Netflix’s Bubble is full of energy and ambience, and mystery. But without surprise, it’s correspondingly thin on explanations.

Bubble (2022 Anime) Synopsis
An inexplicable rain of bubbles wreaked pandemonium around the world, with Tokyo particularly hard hit as it was entirely encapsulated by one. Five years later, the destroyed Japanese capital is the playground of orphaned male teens, who use the many gravitational anomalies to stage a dangerous version of parkour known as “battlekour.” Hibiki, a star contestant, also holds the key to ending the otherworldly bubbles.
Snappy Review
Can’t remember where I read it years ago, and it goes something like this. The best Anime are those that are full of gorgeous and visually magnificent moments, but absolutely sparing with explanations so that you’d rewatch and rewatch.
Rewatch numerous times, in fanboy hopes of detecting all plot clues. In heated wish of eventually figuring everything out. Or just because your eyes can’t get enough of the beauty.
Make sense? Well, I don’t agree with the rewatching bit but I do notice many great Anime movies, including acclaimed ones like Weathering with You, being thin with the why-did-it-happen. In many cases, perhaps because not doing so focuses viewers’ attention on the romance of the mystery. The poignancy and the tragedy, and so on.
The same goes for Tetsurō Araki’s Bubble, (besieged) Netflix’s animated N-Film for late April. Now, before all else, this is a beautiful movie. A dystopian adventure that’s as dreamy as it is desolate, and filled to the brim with exhilarating, incredibly uplifting parkour races. (The over-the-shoulder moments are the best)

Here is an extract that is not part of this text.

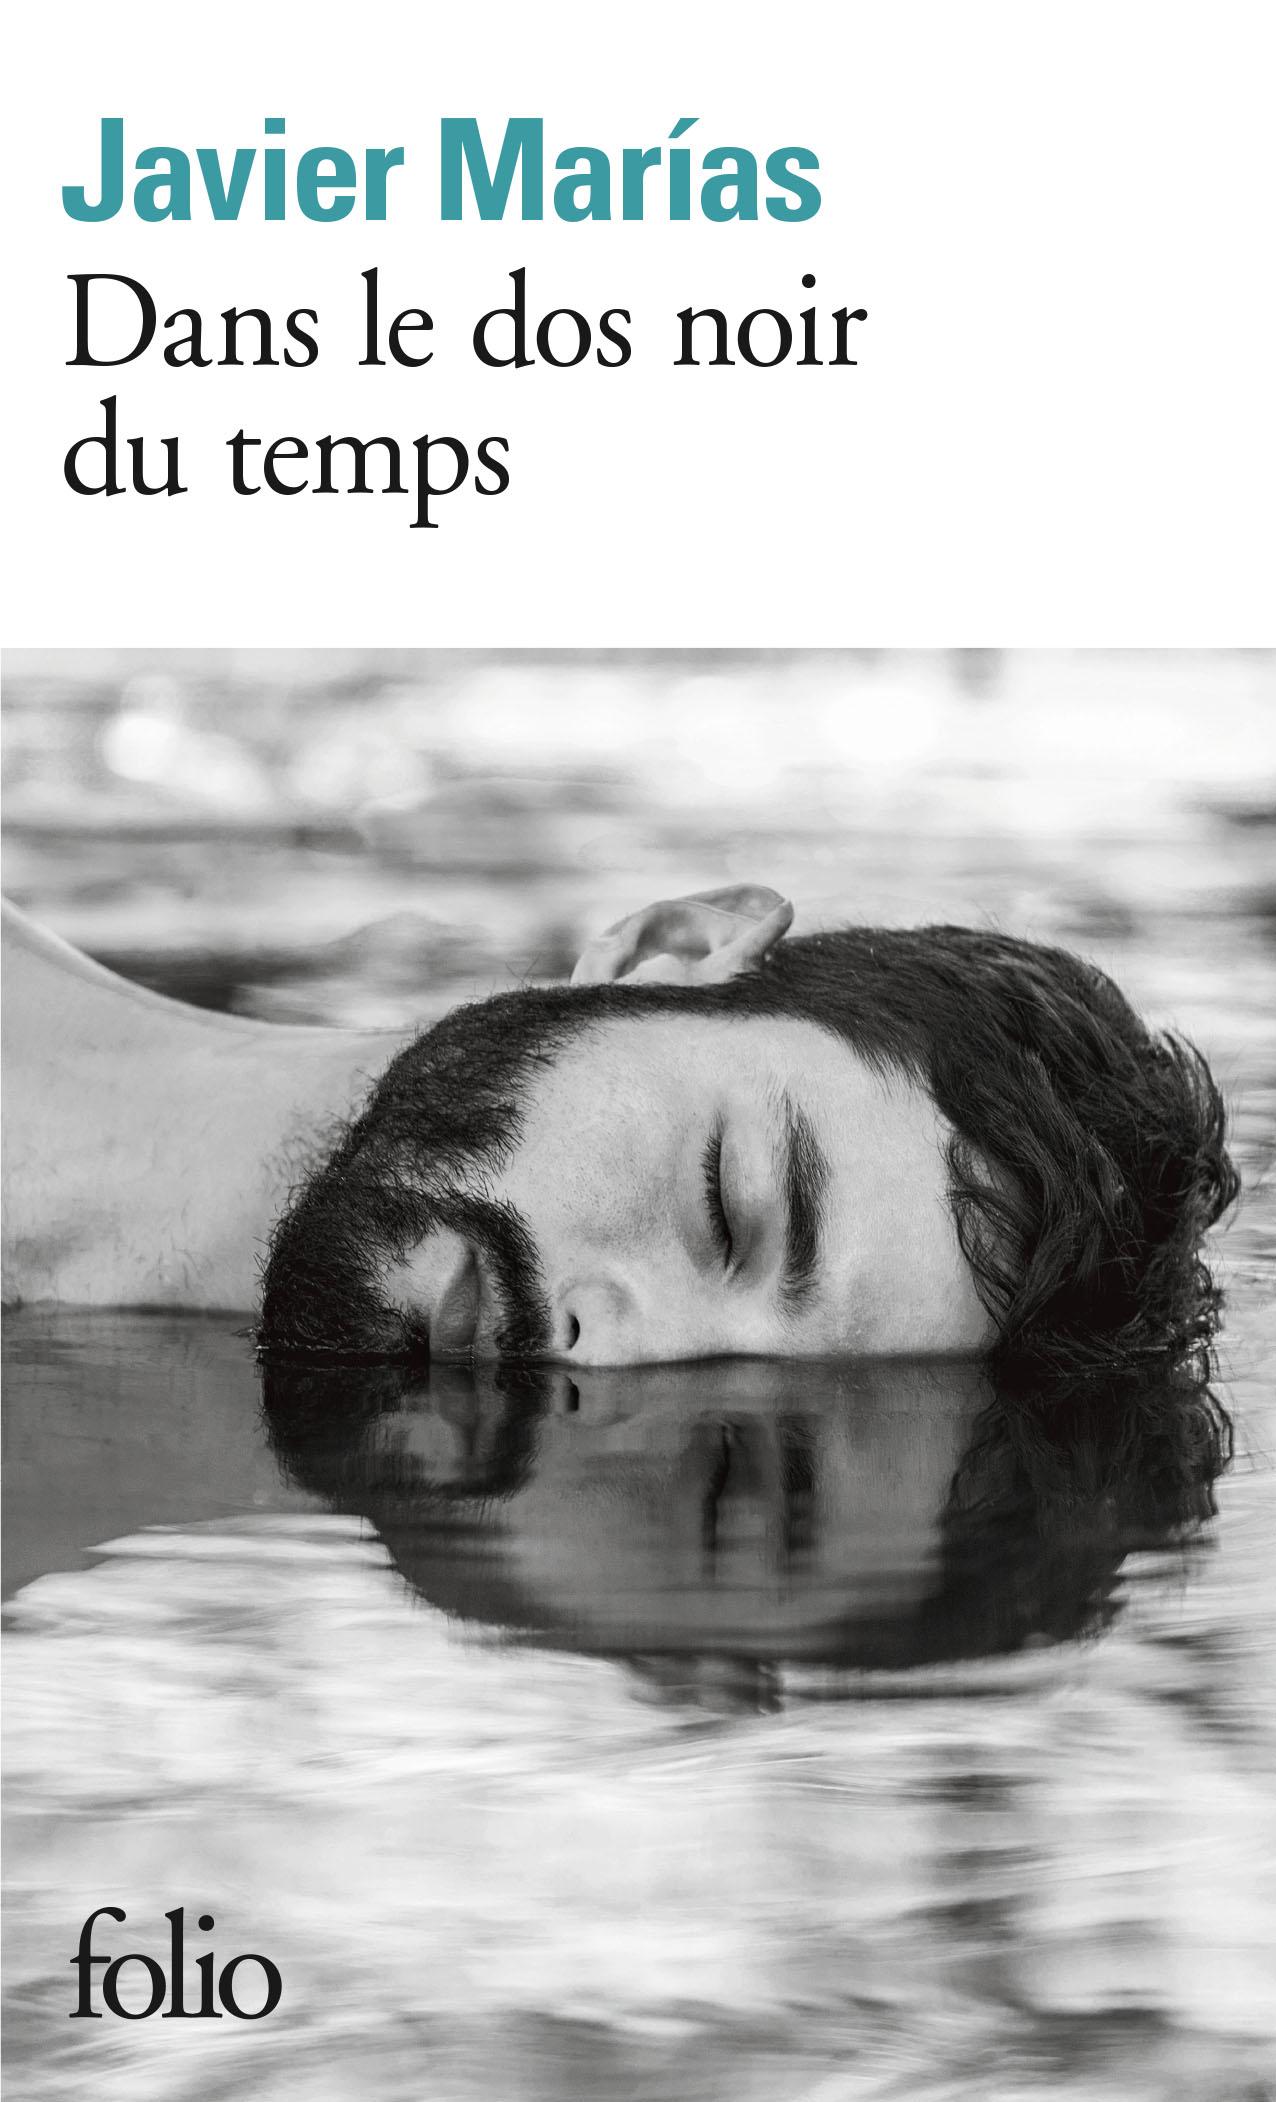 A77697_Dans_le_dos_noir_du_temps.indd

In contrast, and you sense this before long, the story is completely unbothered with the truth about the otherworldly bubbles. For that matter, neither does it even explore the many characters involved. All such “explanation” moments, when they hit, are directed to quotes from Andersen’s The Little Mermaid. And I mean, directed to direct quotes.

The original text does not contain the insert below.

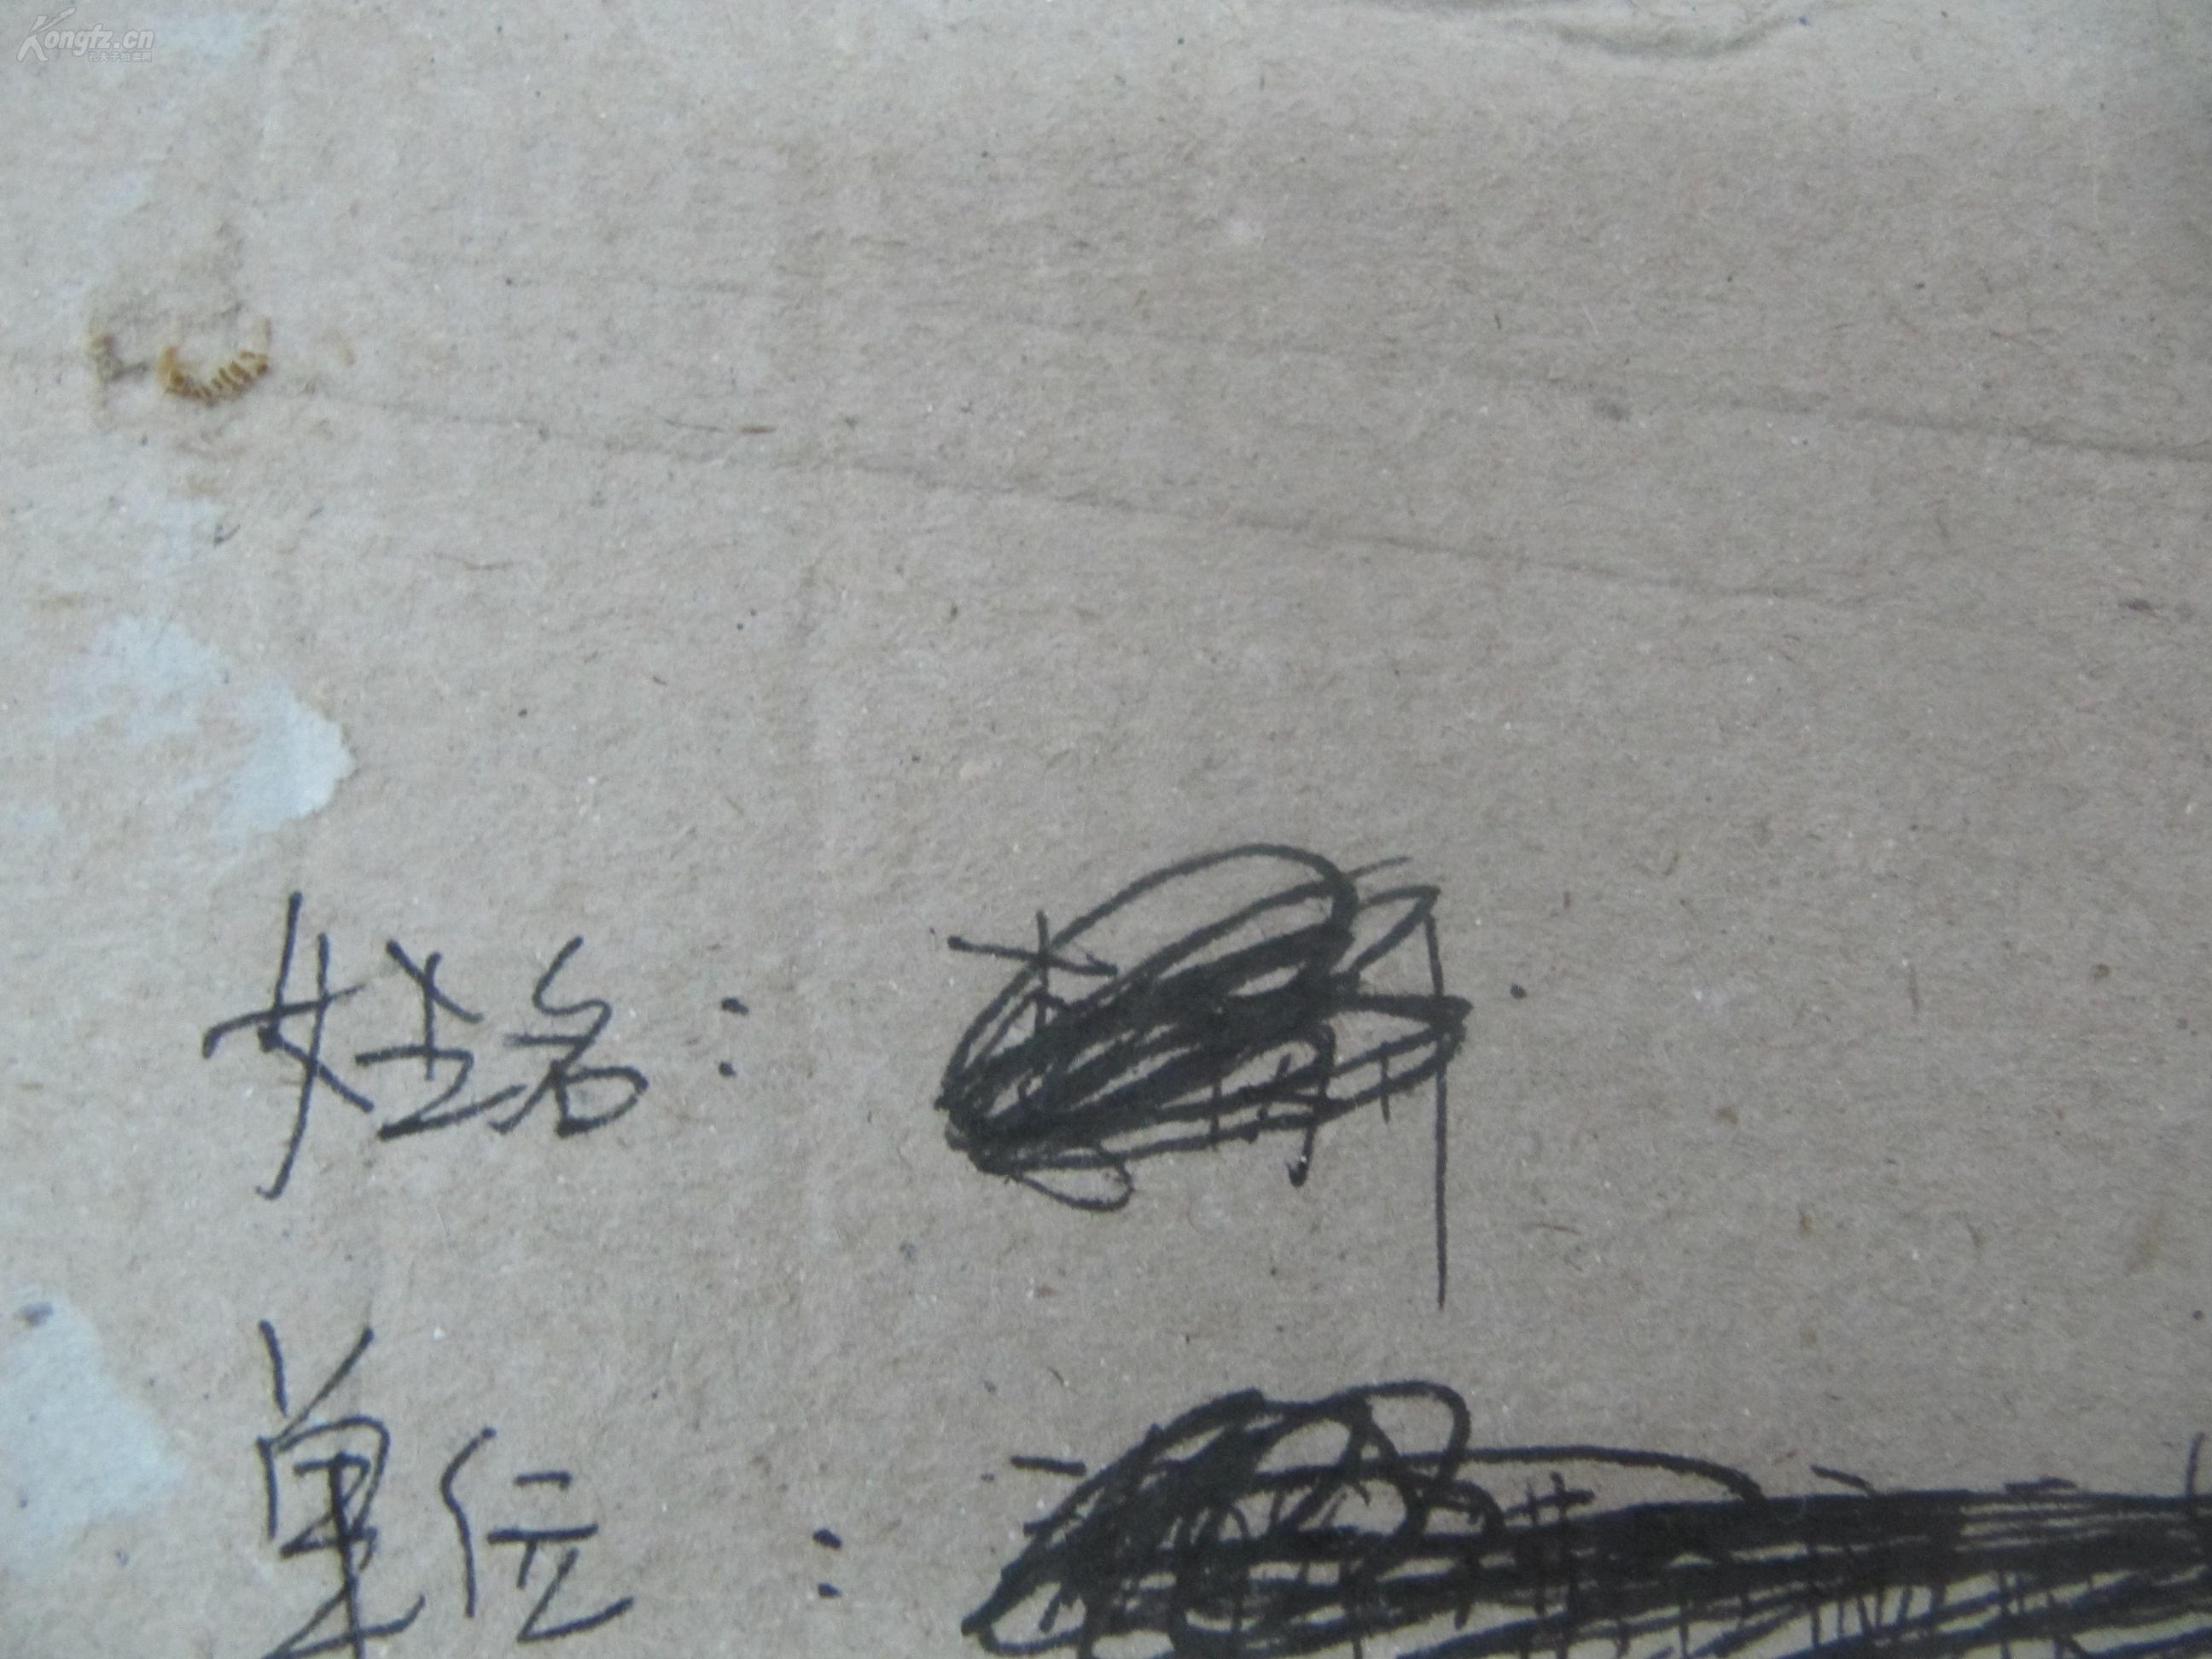 李刚 军旅摄影照片一张 勤务保障 尺寸25 20厘米

The suggestion seems to be that everything happened because of an ill-fated encounter too. But why did it turn out that way, we do not know and the movie doesn’t seem to feel the need for us to know. Will it happen again? Would there be a continuation, an escalation? Not areas touched on as well.
An Anime that begins and ends with the same mystery, in other words.
But it’s not a true disappointment, of course; there are movies purely meant to be watched for energy or ambience. I’ve already mentioned the high-octane races. In between these are many moments of classic Anime romance too. The races themselves feel to be a celebration of evanescent existence, by children the world chose to abandon.
Naturally, Tokyo is the perfect playground for these teenage desperados. It’s hardly the first time the Japanese capital is depicted as a forsaken wasteland, but rarely are the details of ruin so majestically, so lyrically presented.
These visuals alone make Bubble worthy of streaming, if only for that one popcorn-munching viewing.